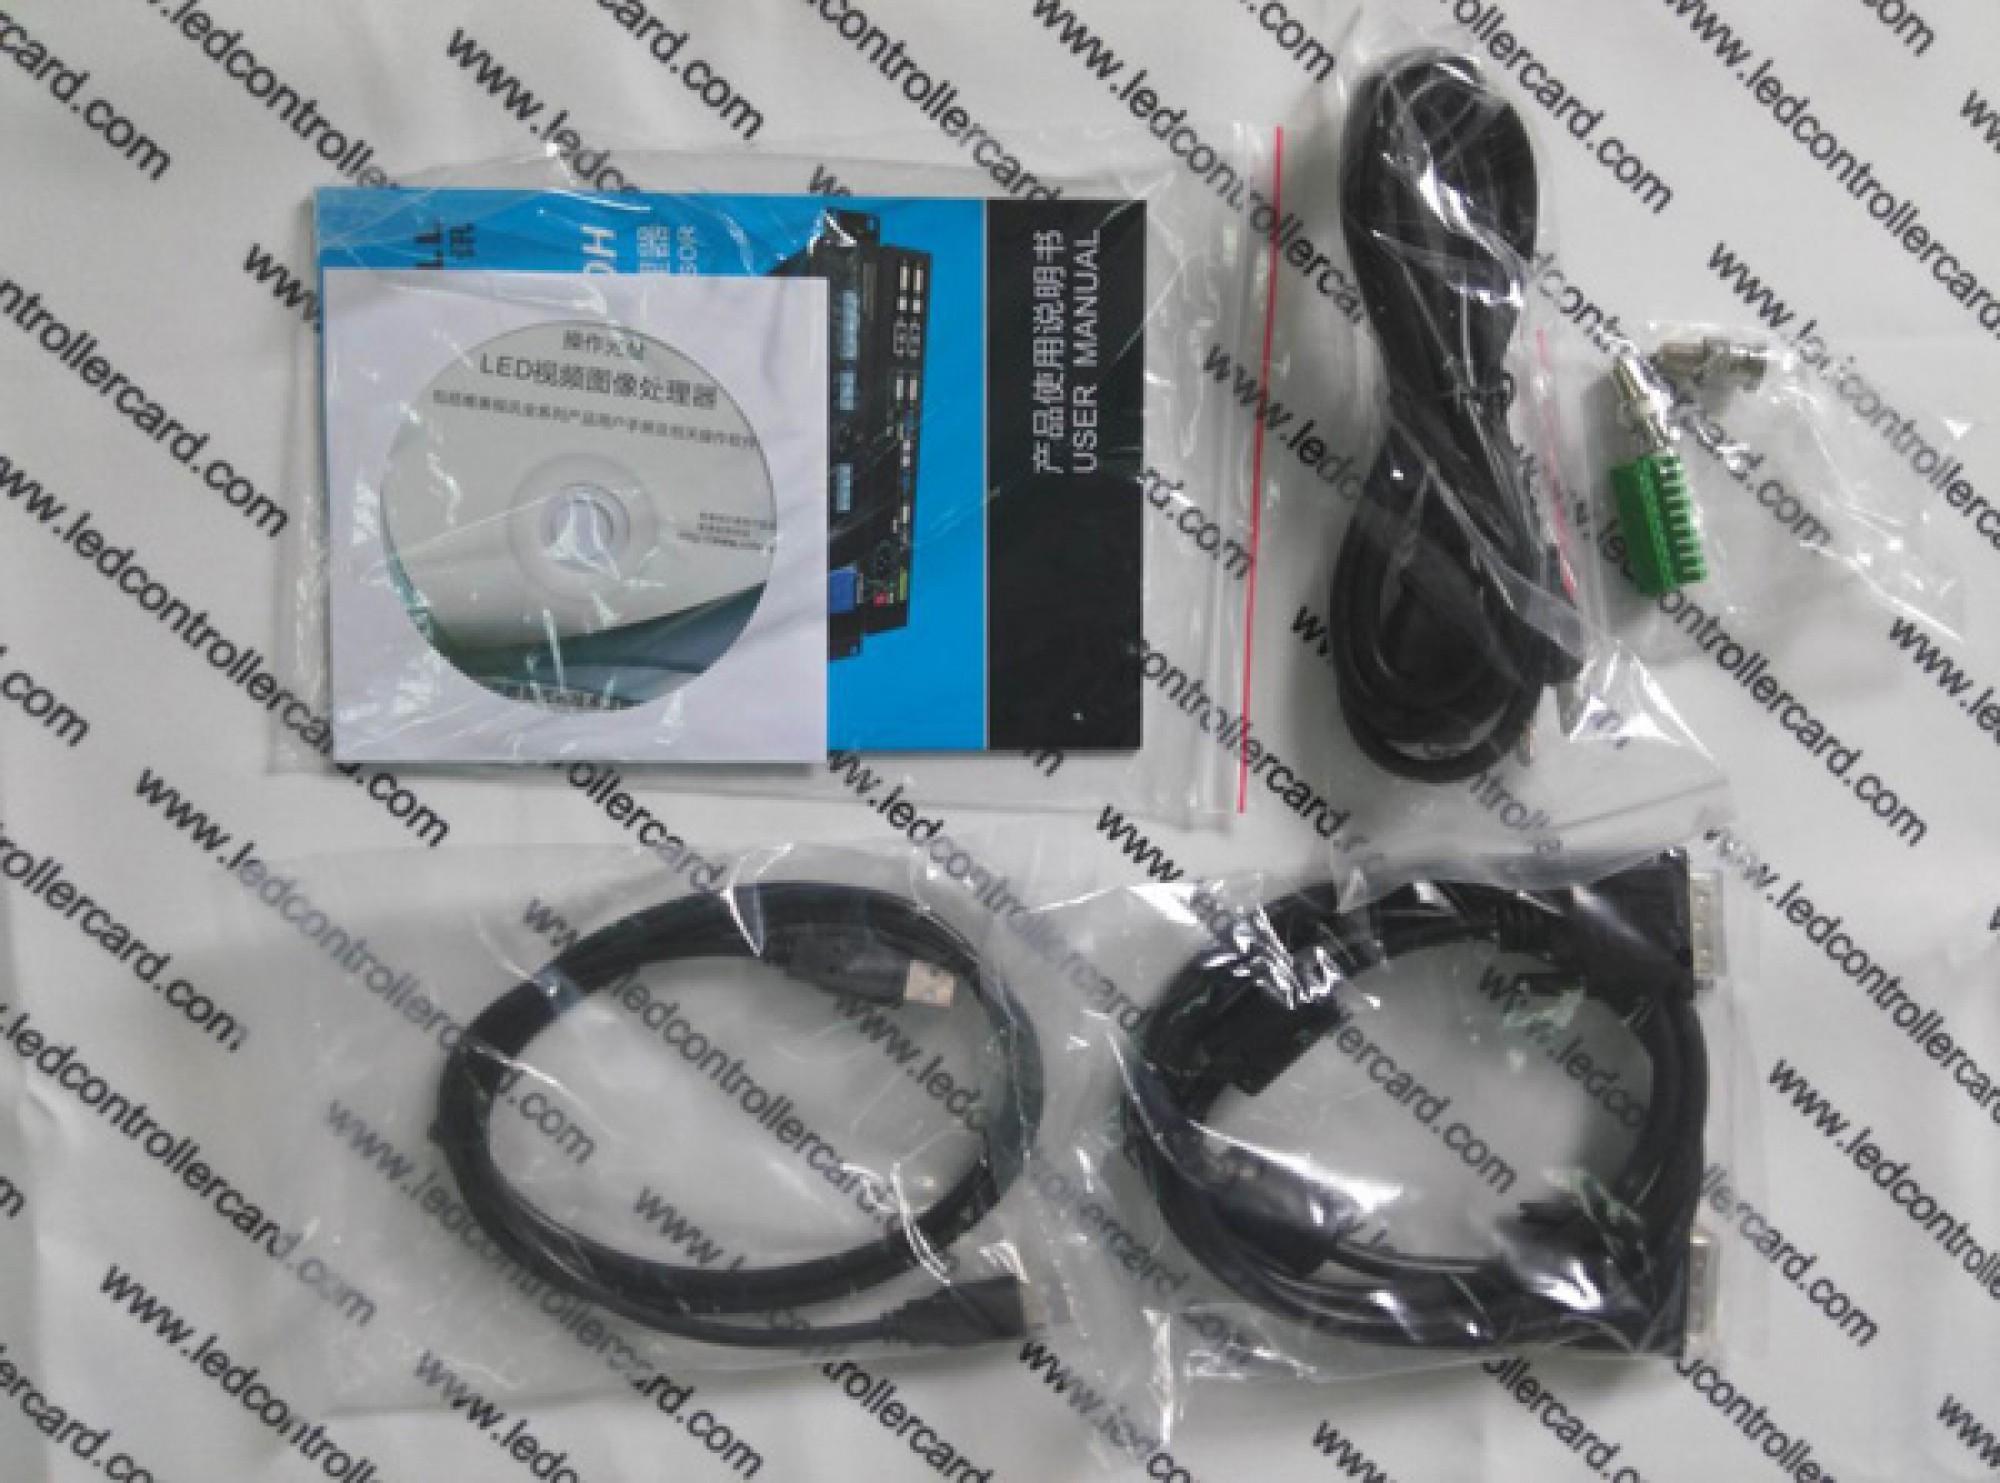 VDWALL LEDSync820H LED Video Switcher
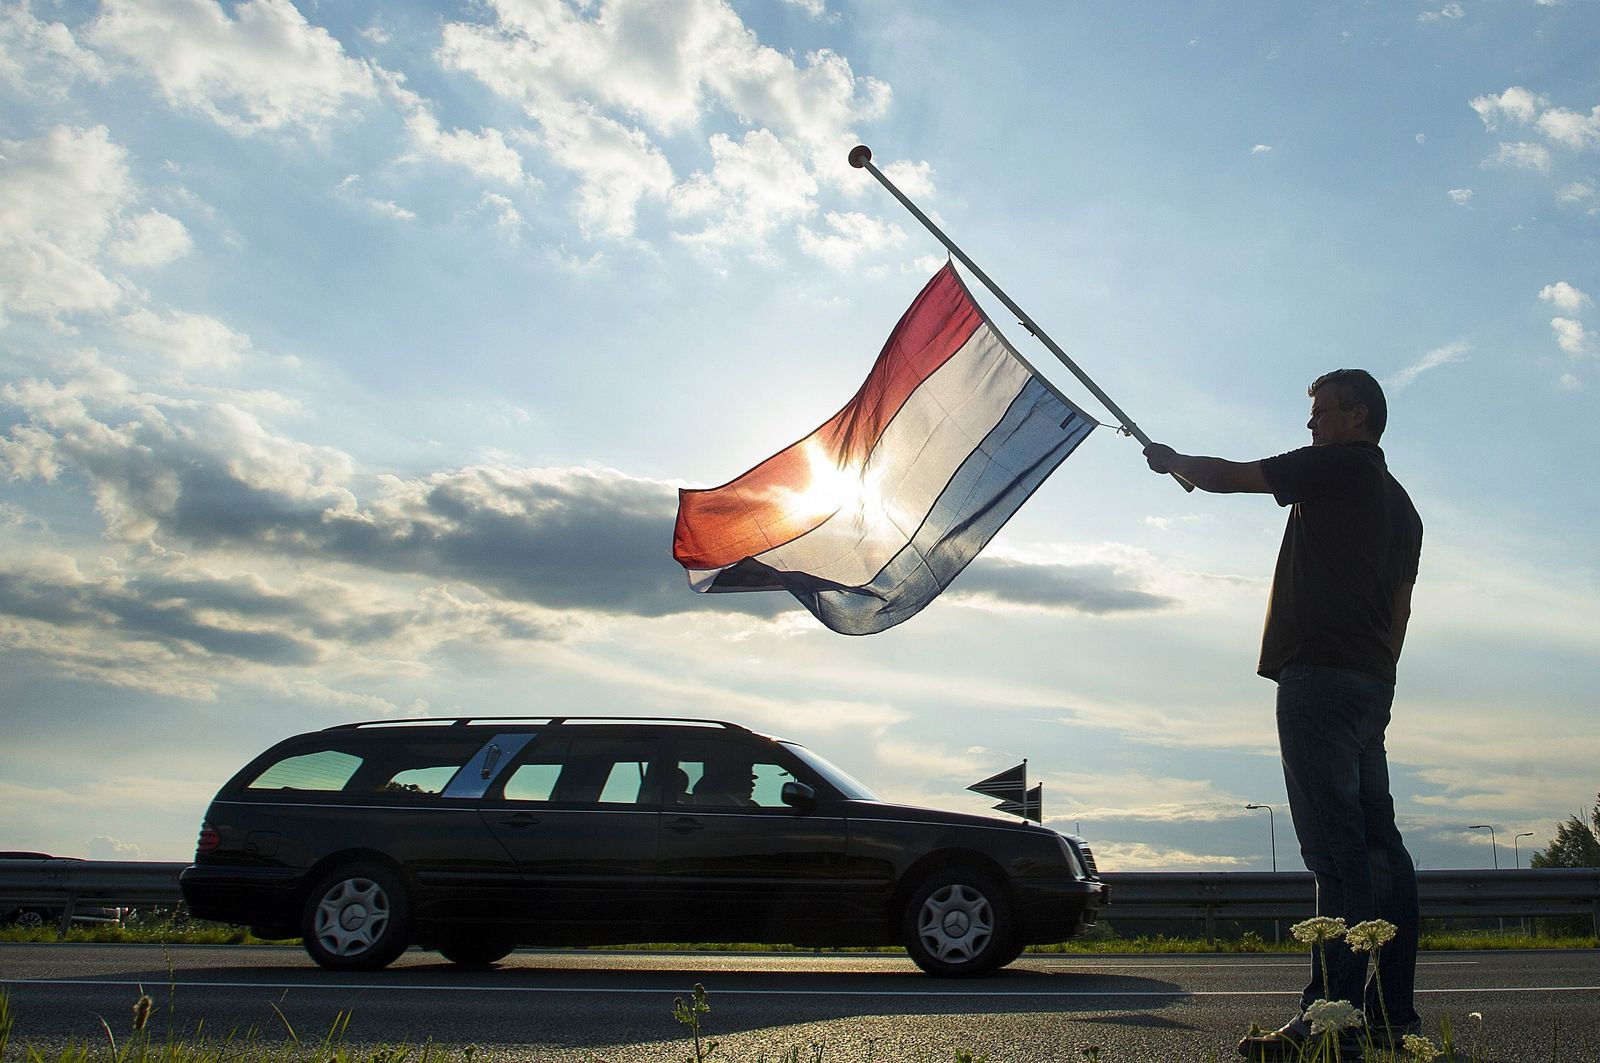 Netherlands/ Ukraine/ MH17
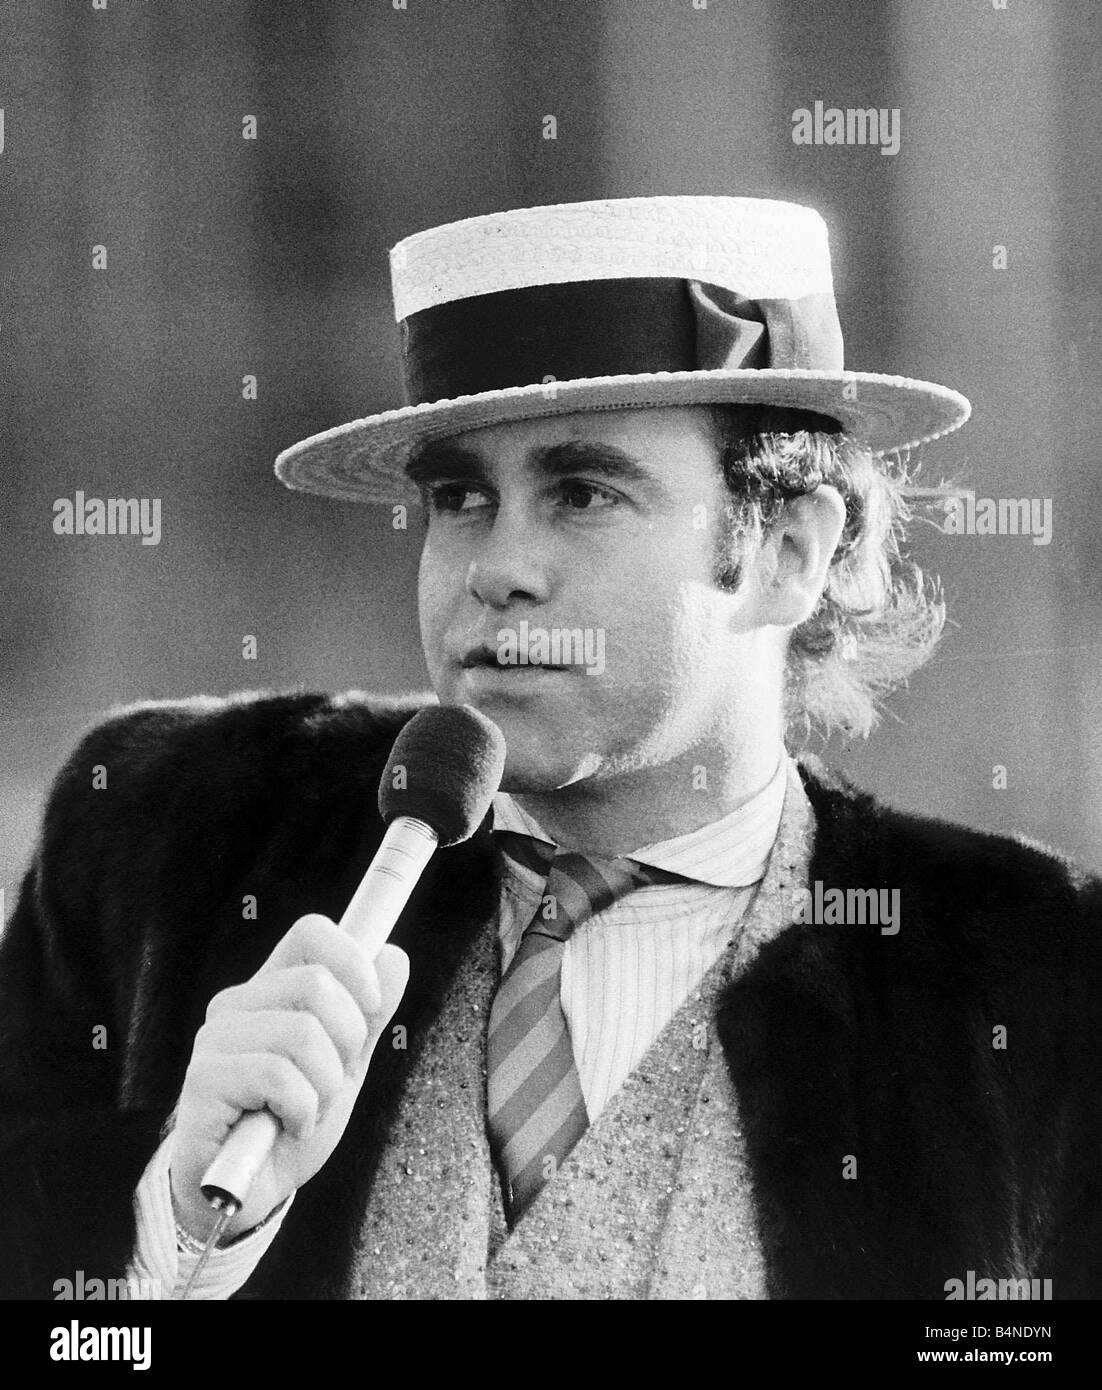 Elton John Black And White Stock Photos Amp Images Alamy
- - - -
Each line of the material goes into your copy unchanged, but no picture does.

Answer box:
 VDWALL LEDSync820H LED Video Switcher
 Netherlands/ Ukraine/ MH17
 Elton John Black And White Stock Photos Amp Images Alamy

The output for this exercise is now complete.